Hi All! I’ll be working in the Lynchburg area mid Feb - mid April and would love to go hunting while I’m there. When does your season usually start?


----------



## kevin t (Mar 21, 2013)

Sounds like the last few days you are here will be best. Usually 4/10-4/25


----------



## SarahJ (Jan 29, 2020)

kevin t said:


> Sounds like the last few days you are here will be best. Usually 4/10-4/25


Great! I was hoping late March might be good, but it’s been cold here...Thanks for the reply!


----------



## clearcreek (Apr 15, 2016)

SarahJ said:


> Hi All! I’ll be working in the Lynchburg area mid Feb - mid April and would love to go hunting while I’m there. When does your season usually start?
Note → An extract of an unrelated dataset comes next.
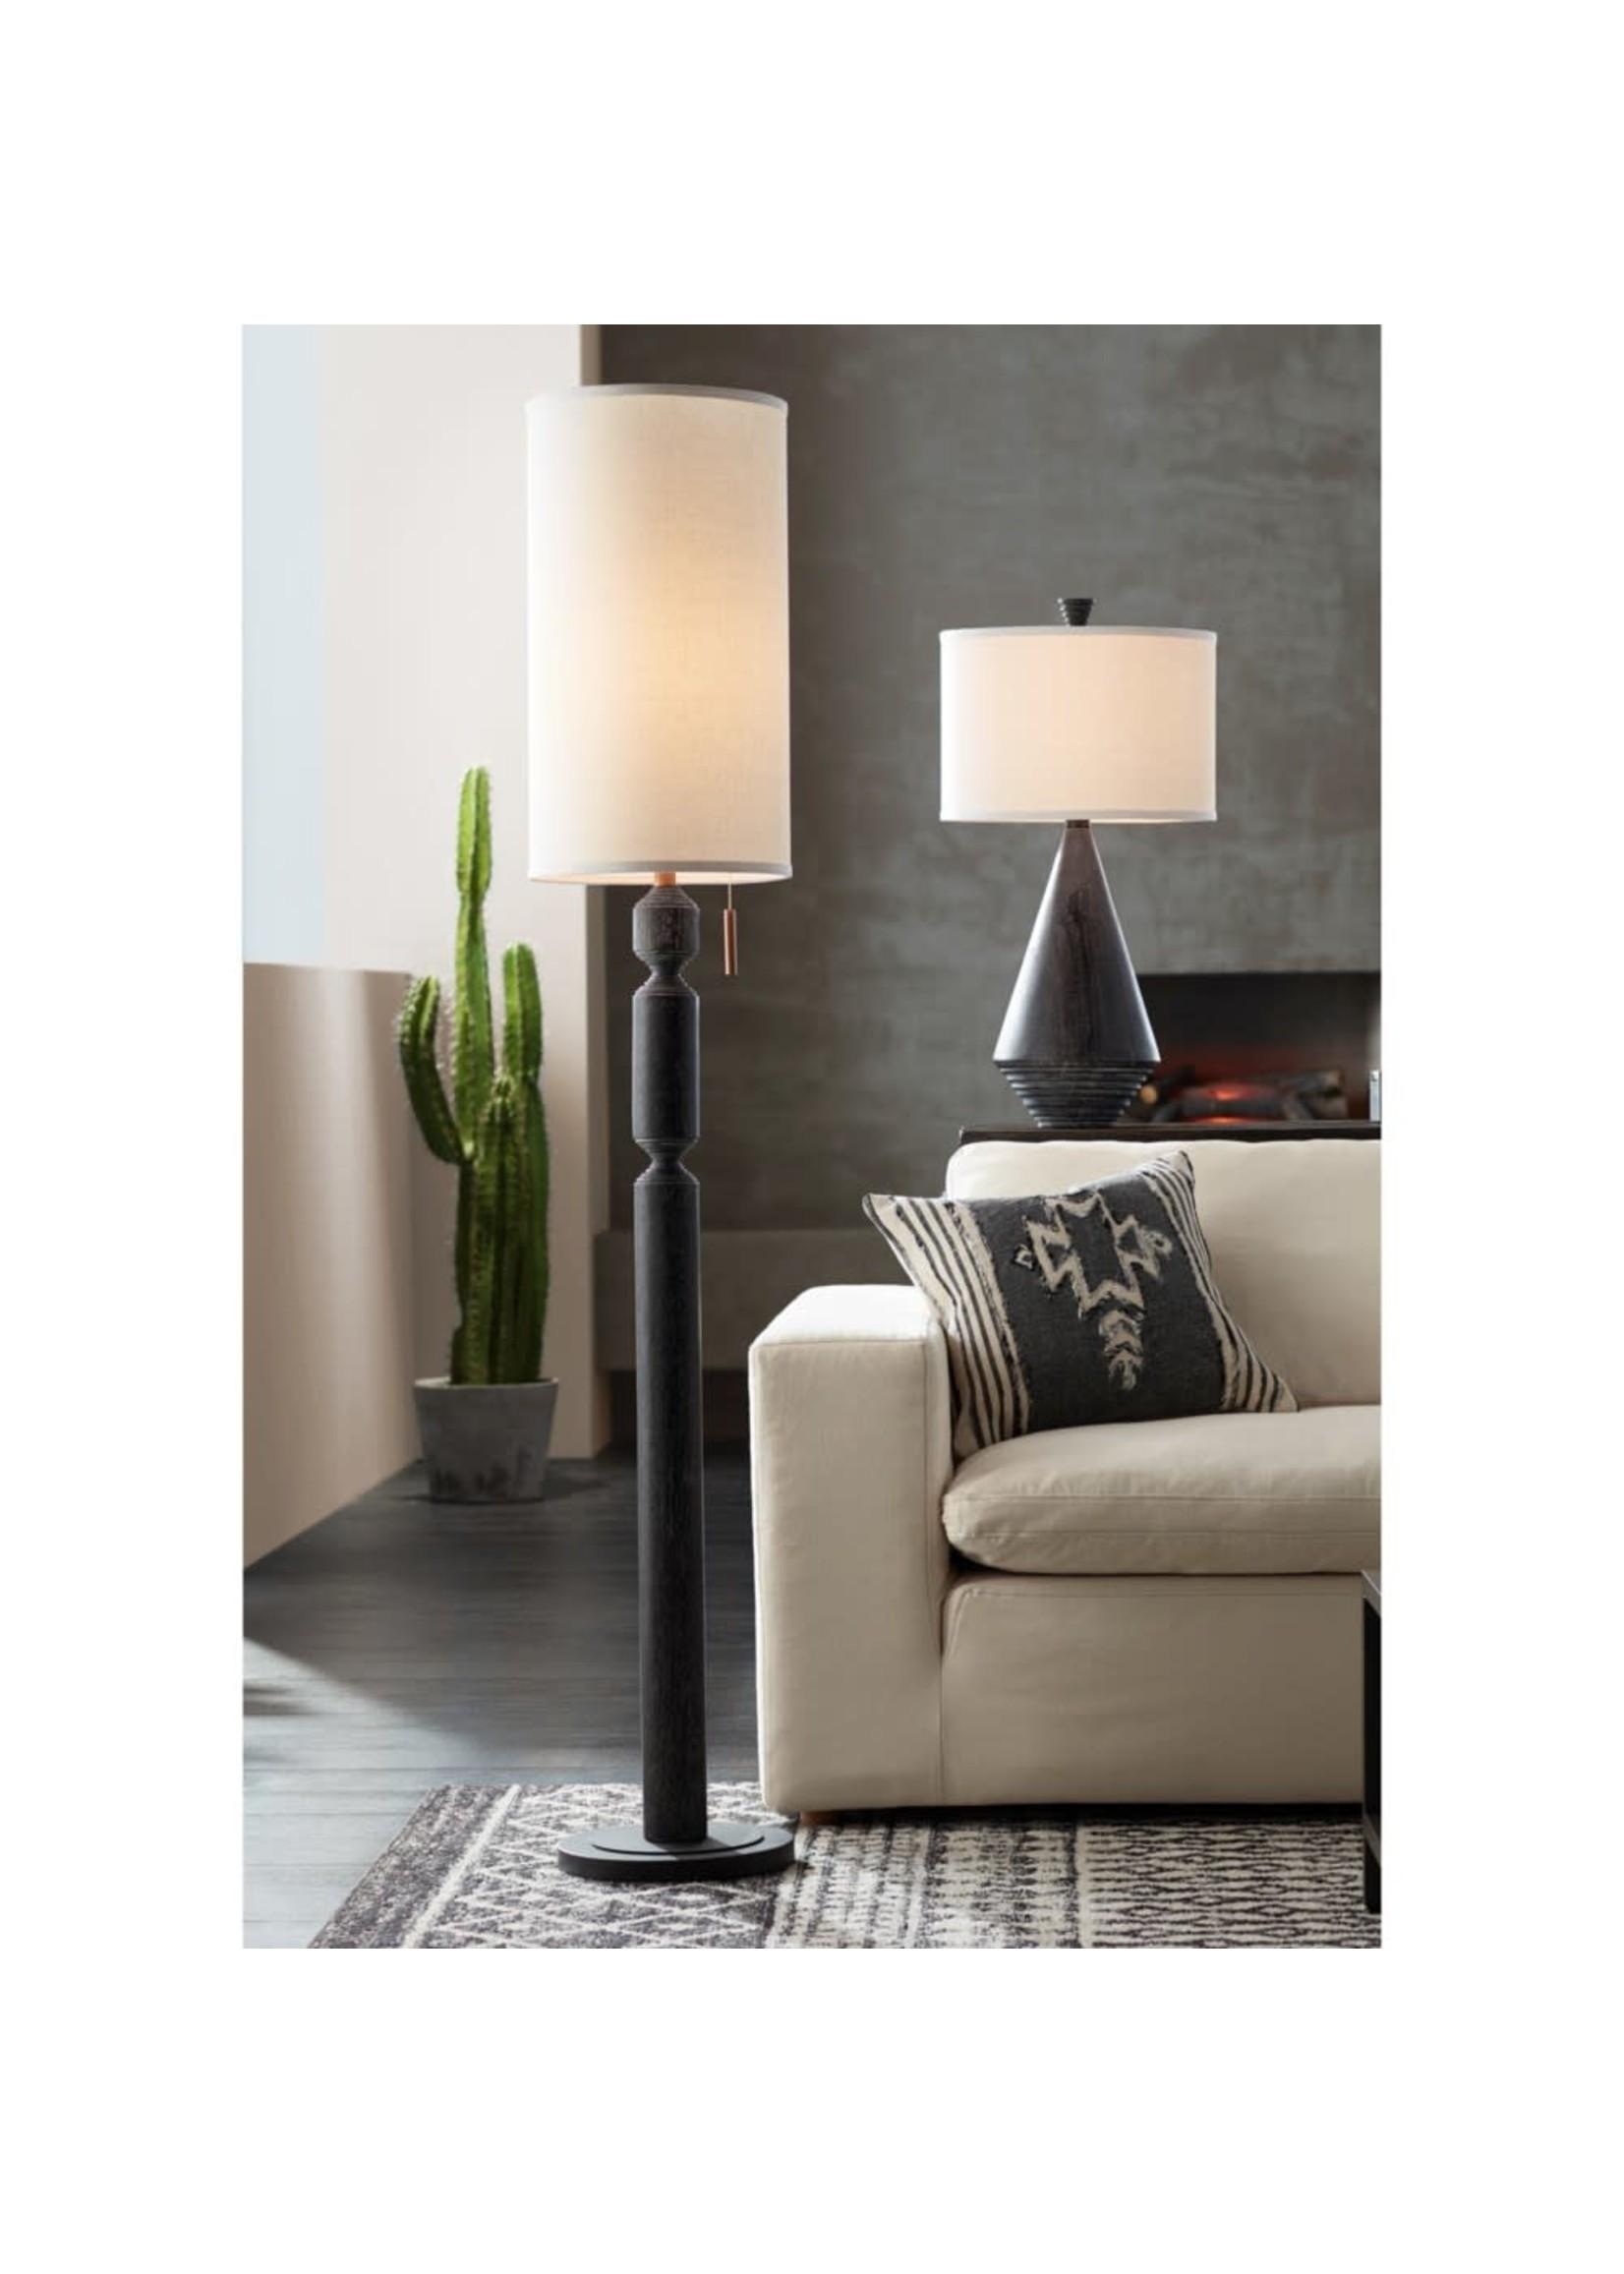 ADELIS FLOOR LAMP

The season could possibly start early this year based on warmer weather. I'll be checking around Waynesboro area by the end of March.


----------



## Percy-n-Moo (Mar 28, 2020)

Found these very close to Lynchburg yesterday


----------



## chefhw (Apr 1, 2020)

Percy-n-Moo said:


> Found these very close to Lynchburg yesterday
> View attachment 26196
> View attachment 26196
> [/QU I found my first 2 in Lynchburg the other day and that has been it! Can you share any info to help me find more right now or is it just too early or too late?


----------



## Percy-n-Moo (Mar 28, 2020)

Now is the time to be looking, creeks and valleys, need to work your way up in elevation as well


----------



## chefhw (Apr 1, 2020)

Anyone in Lynchburg still finding morels? Is this cool wet weather going to produce anything new?


----------



## chefhw (Apr 1, 2020)

SarahJ said:


> Great! I was hoping late March might be good, but it’s been cold here...Thanks for the reply!


Are you still around SaraJ??


----------



## Turtle (Mar 10, 2020)

I'd be curious too on anyone in the Lynchburg Bedford area. Last week I wasn't having much luck at my spot in Bedford, not sure if a bad little stent of weather or season wrapping up due to earlier spring weather this year?


----------